Проблема не только в угнетенных и
угнетателях, а в восприятии детского труда благонамеренными гражданами. Мало
запретить что-то, важно добиться принятия нового положения вещей в обществе.
Поступок одного смелого ребенка может
повлиять и на других детей и постепенно избавить их от главного сдерживающего
фактора — страха. История о пакистанском герое — счастливая история, история
свободы, которая только начинается.
Роальд Даль.
Ахап ереч. Перевод с английского Елены Суриц; иллюстрации Квентина Блейка. М.,
«Самокат», 2016, 64 стр. («Роальд Даль. Фабрика сказок»). Для младшего и
среднего школьного возраста.
Сказки Роальда Даля переводились на
русский язык с 1962 года и пополняли библиотеки нескольких поколений читателей.
Главный герой этой сказки — черепаха («Ахап ереч» и есть «черепаха» наоборот).
По словам Роальда Даля, в первой половине XX века этих питомцев привозили из
Северной Африки: из-за жадности торговцев черепахи сотнями томились в темных
ящиках и не все из них переживали путешествие через океан. Через некоторое
время правительство Англии запретило ввоз черепах. Мы попадаем в то время,
когда в каждом зоомагазине можно было найти неторопливого долгожителя.
В начале сказки мистер Хоппи выходит
на пенсию и все ближе знакомится с одиночеством, его друзья — цветы, а тайная
любовь, дама средних лет, живет этажом ниже. Пожилой мужчина скопил за свою
жизнь столько застенчивости и сентиментальности, что не может открыто выразить
свои чувства. Пожилой человек напоминает застенчивого школьника, еще неопытного
в делах сердца, но готового рисковать. В один день квартиру одинокого
пенсионера заполняет сотня черепах самых разных размеров, они его единственная
возможность привлечь внимание дамы «снизу» и провести старость в приятном
обществе любимой женщины. Особенность произведений Роальда Даля в том, что
любой его персонаж — человек или животное — все удачливы и с помощью добра
достигают простых, но самых важных целей.
Кристине
Нёстлингер. История одной семейки. Перевод с немецкого Дарьи Вильке. М.,
«Самокат», 2016, 208 стр. («Встречное движение»). Для среднего и старшего
школьного возраста.
История про одну определенную семью
обычно рассказывается для того, чтобы показать, как устроены многие семьи.

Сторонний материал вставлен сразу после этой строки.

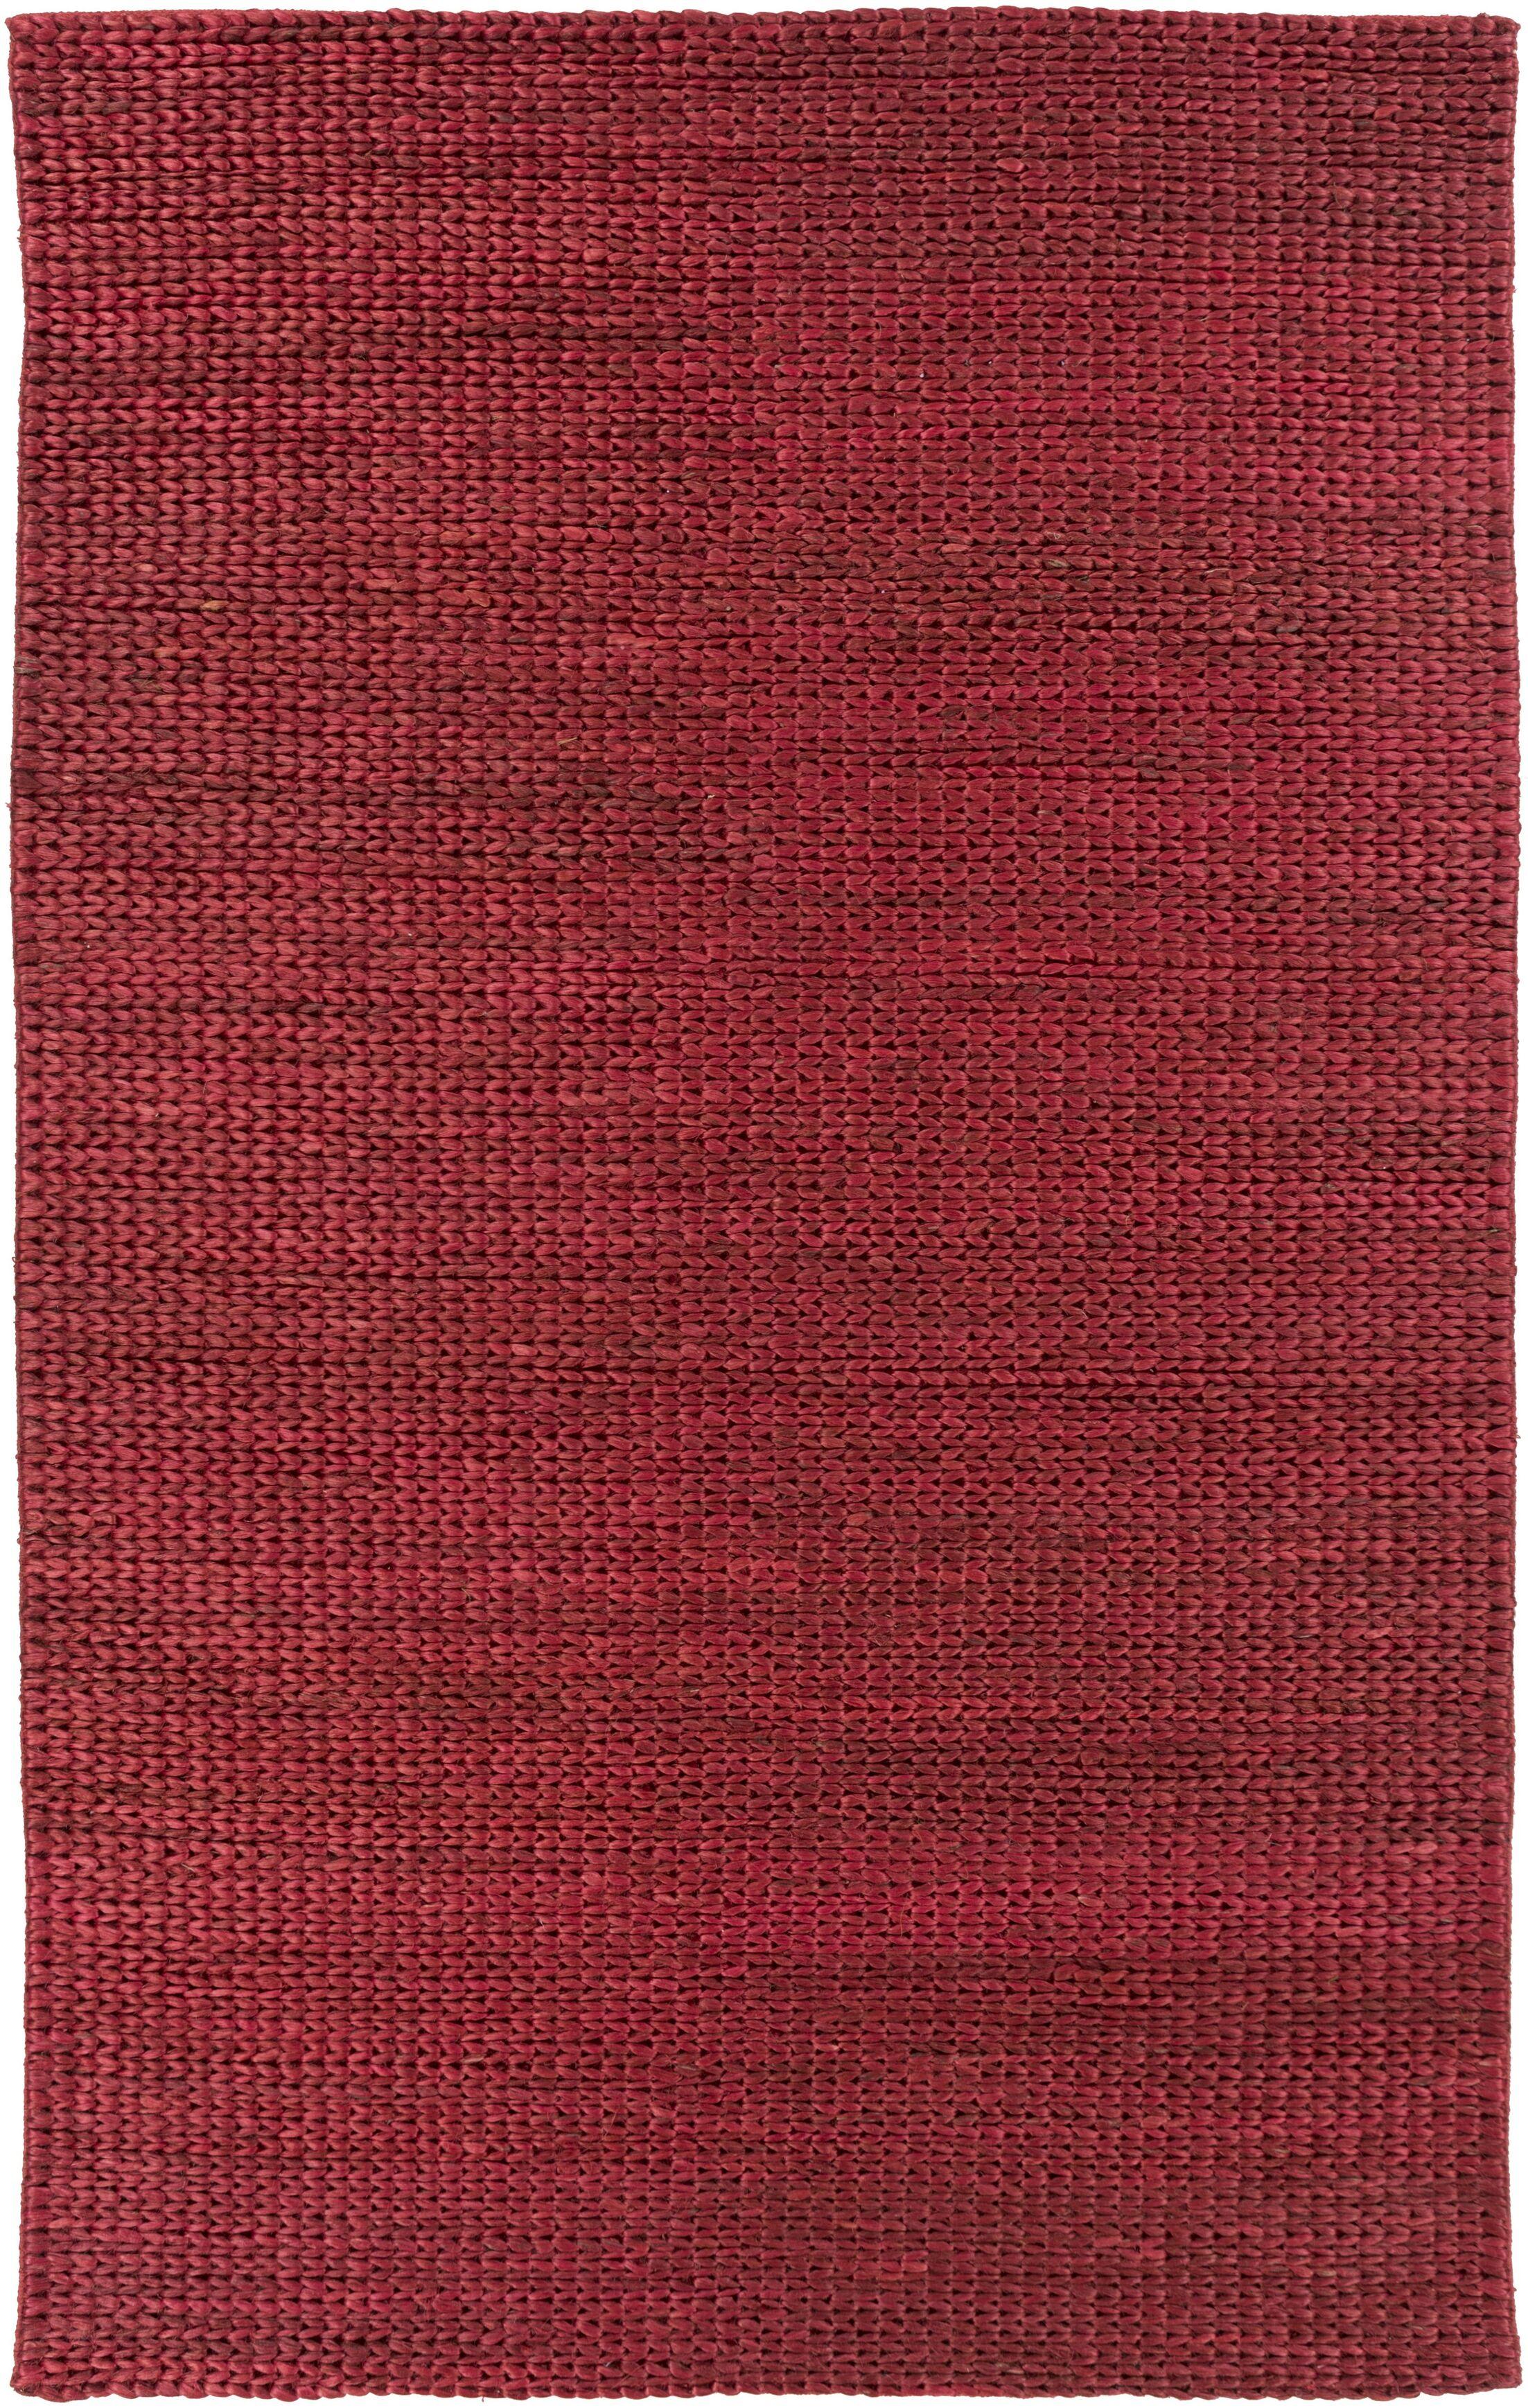 Tai Hand Woven Burgundy Area Rug Rug Size: Rectangle 5' x 8'

Кристине Нёстлингер написала повесть про старшеклассника, которого дома ждут
семь женщин — две старшие сестры, три тети, бабушка и мама. Единственному
мужчине в доме — четырнадцать лет, на его комнате висит табличка «ПОСТОРОННИМ
ВХОД ВОСПРЕЩЕН!», но в любой момент все его родственницы могут открыть дверь,
попросить «убавить звук» или спросить, «как успехи в школе». Образование мало
прельщает юного Вольфганга. Однажды юноша находит в газете такое упоминание:
«НЬЮ-ЙОРК/США. Американские супруги-психологи Марга и Иов Гольдман в ходе
масштабнейших исследований с участием 3000 человек выяснили, что дети,
воспитывающиеся исключительно мужчинами, демонстрируют существенно более
высокий интеллектуальный потенциал, чем дети, воспитывающиеся женщинами».
Результаты абсурдного исследования заставляют подростка задуматься о влиянии
женского окружения на его жизнь. Для начала Вольфганг развешивает ксерокопии
газеты с заметкой, обведенной маркером, по всему дому: «…после школы, я жирно
обвел красным фломастером сообщение из Нью-Йорка. А потом прикрепил кнопками
три копии на кухонных шкафчиках. Еще один листок приклеил на зеркало в прихожей,
другой — на двери туалета, третий — на сливной бачок в туалете наверху,
четвертый — на кафель в ванной внизу, пятый — на полки с зубной пастой в ванной
на втором этаже. И еще по одному листку положил на постели мамы, бабушки, тети
Феи, тети Труди, тети Лизи, Андреа и Дорис».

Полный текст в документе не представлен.